Fix the order of these sections of the release notes.

[oota-llvm.git] / docs / ReleaseNotes.rst
diff --git a/docs/ReleaseNotes.rst b/docs/ReleaseNotes.rst

index d4ffe54e2c2d18768739522ebf4c625e5e7653e1..9ddbbb765bfd46878c9461efbc0d7d3c9f915234 100644 (file)
--- a/docs/ReleaseNotes.rst
+++ b/docs/ReleaseNotes.rst
@@ -292,7 +292,6 @@ Major New Features
     strong phi elim
     loop dependence analysis
     CorrelatedValuePropagation
-   lib/Transforms/IPO/MergeFunctions.cpp => consider for 3.2.
     Integrated assembler on by default for arm/thumb?
  
    Near dead:
@@ -352,7 +351,21 @@ We vectorize under the following loops:
     '``noalias``' and are checked at runtime.
  #. ...
  
-SROA - We've re-written SROA to be significantly more powerful.
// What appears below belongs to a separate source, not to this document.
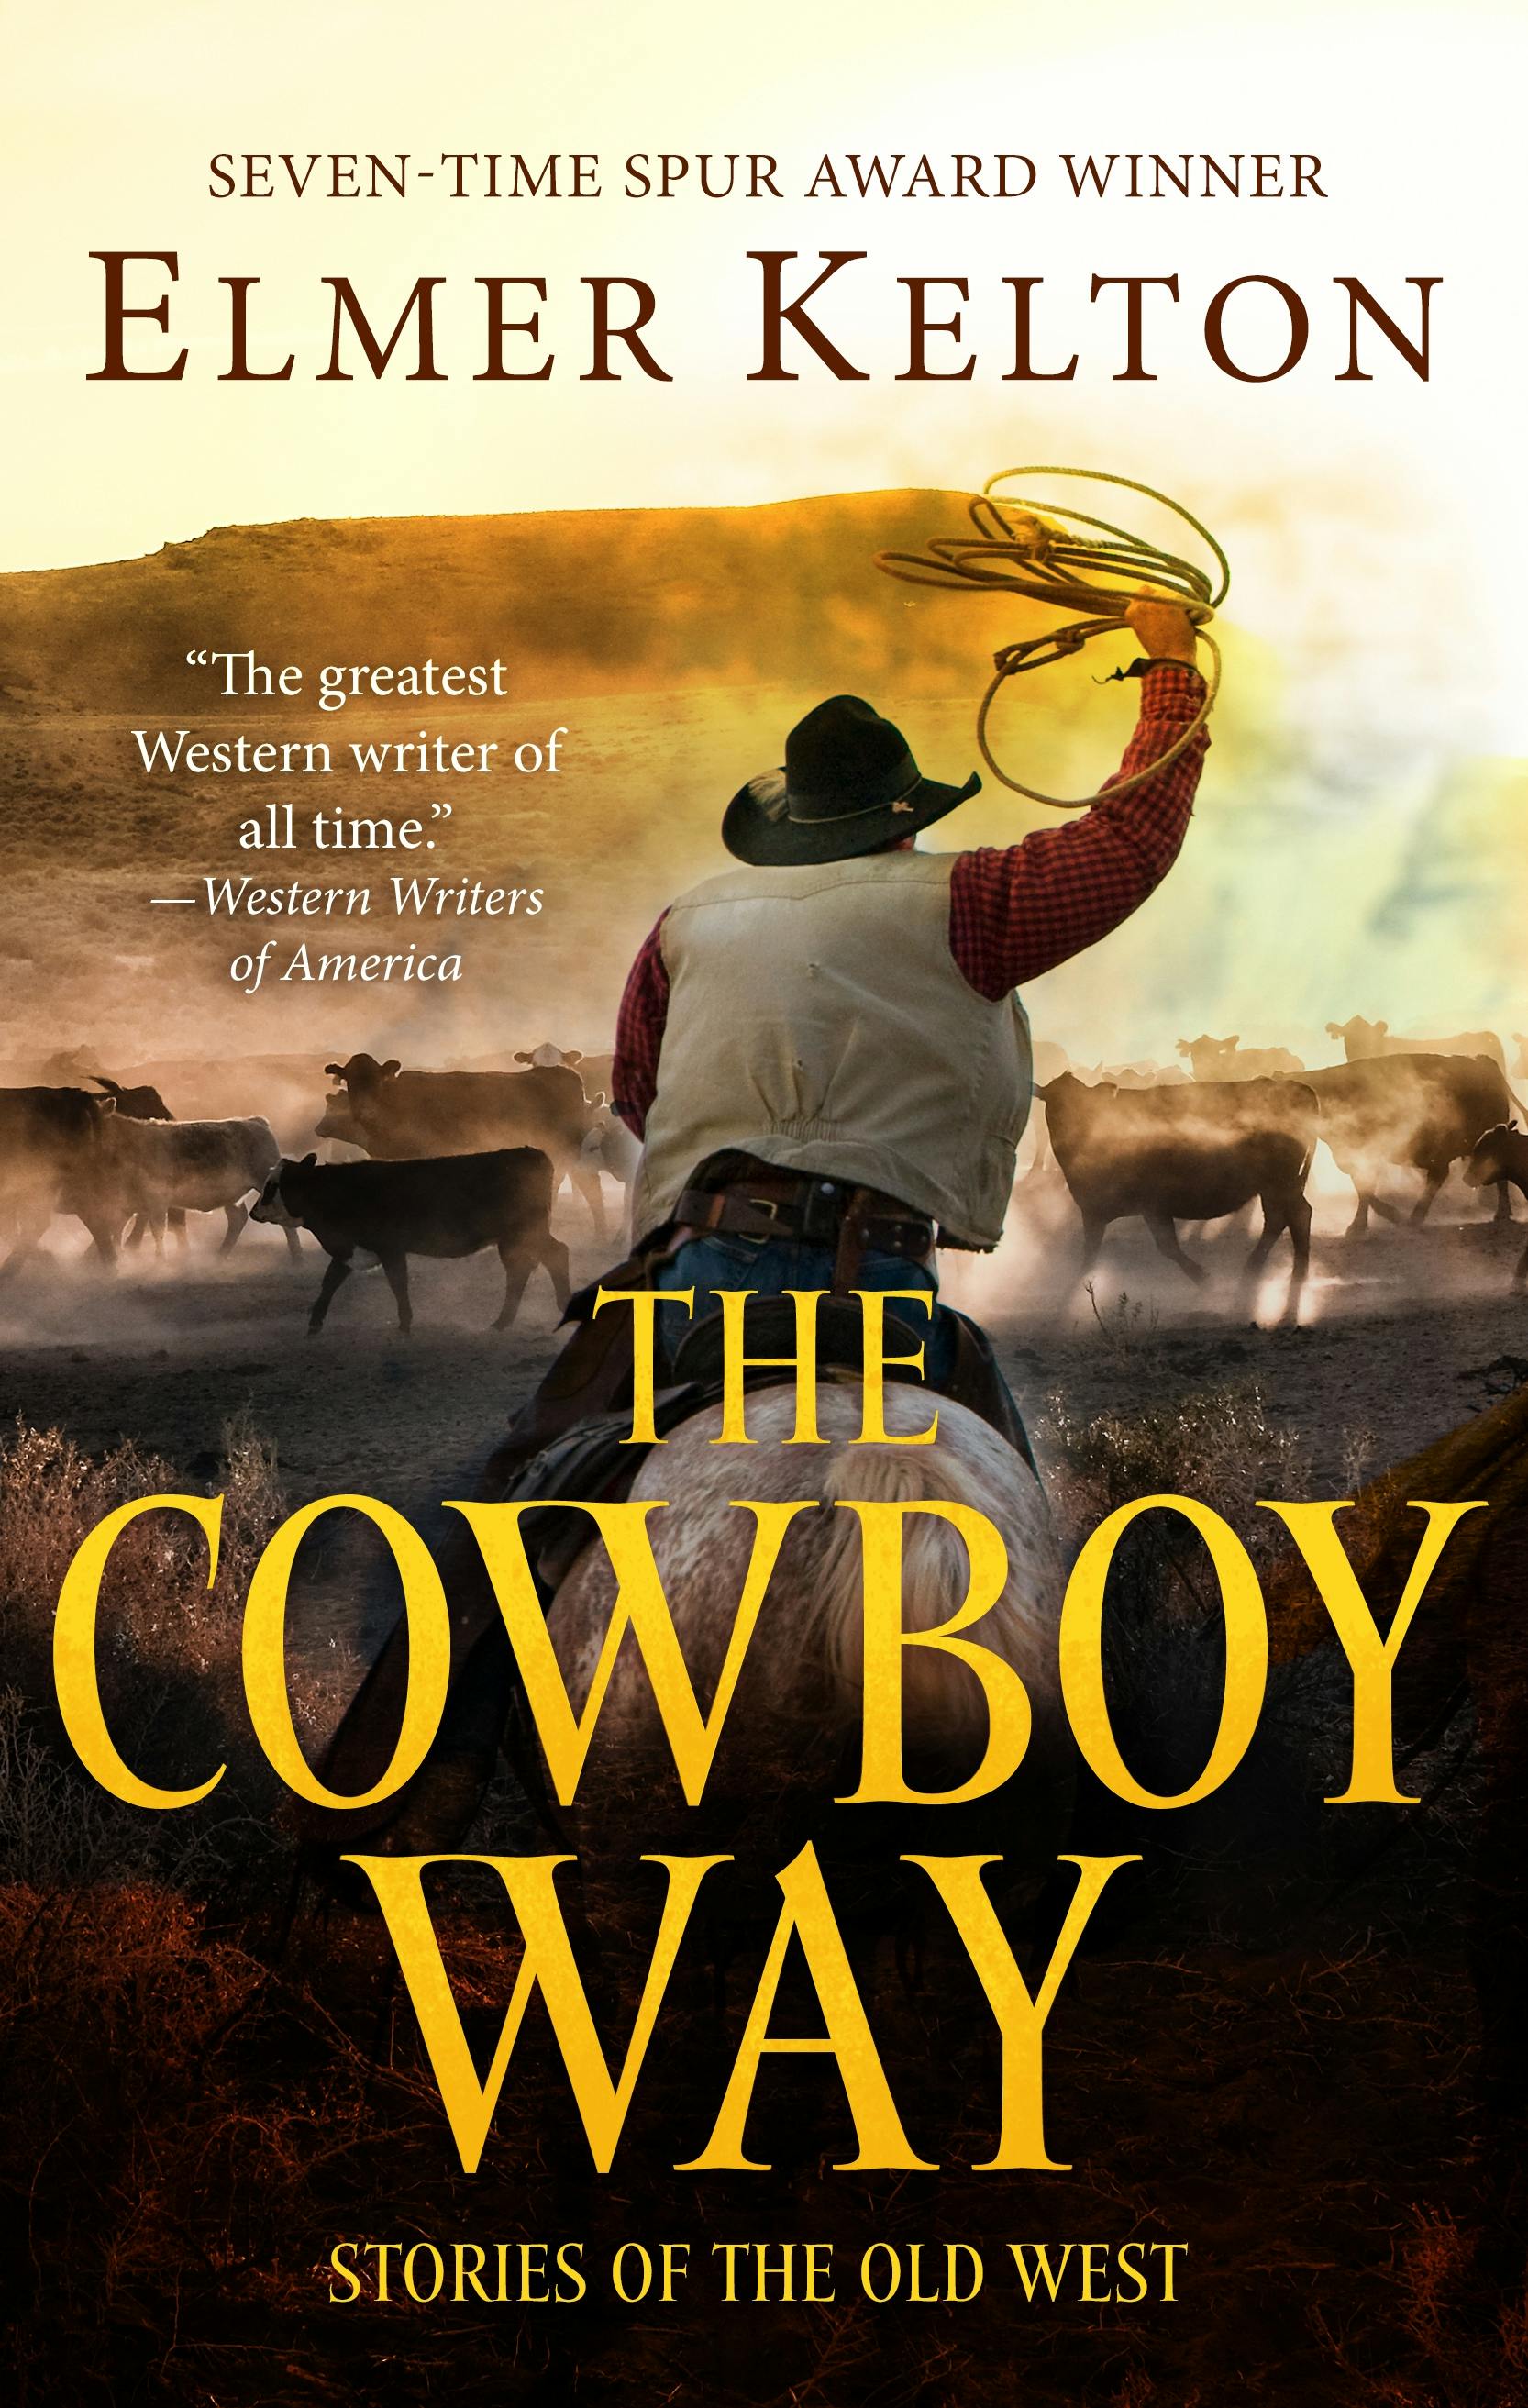 Cover for the book titled as: The Cowboy Way

+SROA - We've re-written SROA to be significantly more powerful and generate
+code which is much more friendly to the rest of the optimization pipeline.
+Previously this pass had scaling problems that required it to only operate on
+relatively small aggregates, and at times it would mistakenly replace a large
+aggregate with a single very large integer in order to make it a scalar SSA
+value. The result was a large number of i1024 and i2048 values representing any
+small stack buffer. These in turn slowed down many subsequent optimization
+paths.
+
+The new SROA pass uses a different algorithm that allows it to only promote to
+scalars the pieces of the aggregate actively in use. Because of this it doesn't
+require any thresholds. It also always deduces the scalar values from the uses
+of the aggregate rather than the specific LLVM type of the aggregate. These
+features combine to both optimize more code with the pass but to improve the
+compile time of many functions dramatically.
  
  #. Branch weight metadata is preseved through more of the optimizer.
  #. ...
@@ -373,14 +386,6 @@ Post <http://blog.llvm.org/2010/04/intro-to-llvm-mc-project.html>`_.
  Target Independent Code Generator Improvements
  ----------------------------------------------
  
-Stack Coloring - We have implemented a new optimization pass to merge stack
-objects which are used in disjoin areas of the code.  This optimization reduces
-the required stack space significantly, in cases where it is clear to the
-optimizer that the stack slot is not shared.  We use the lifetime markers to
-tell the codegen that a certain alloca is used within a region.
-
-We now merge consecutive loads and stores.
-
  We have put a significant amount of work into the code generator
  infrastructure, which allows us to implement more aggressive algorithms and
  make it run faster:
@@ -395,6 +400,14 @@ which can be queried to determine legal groupings of instructions in a bundle.
  We have added a new target independent VLIW packetizer based on the DFA
  infrastructure to group machine instructions into bundles.
  
+Stack Coloring - We have implemented a new optimization pass to merge stack
+objects which are used in disjoin areas of the code.  This optimization reduces
+the required stack space significantly, in cases where it is clear to the
+optimizer that the stack slot is not shared.  We use the lifetime markers to
+tell the codegen that a certain alloca is used within a region.
+
+We now merge consecutive loads and stores.
+
  Basic Block Placement
  ^^^^^^^^^^^^^^^^^^^^^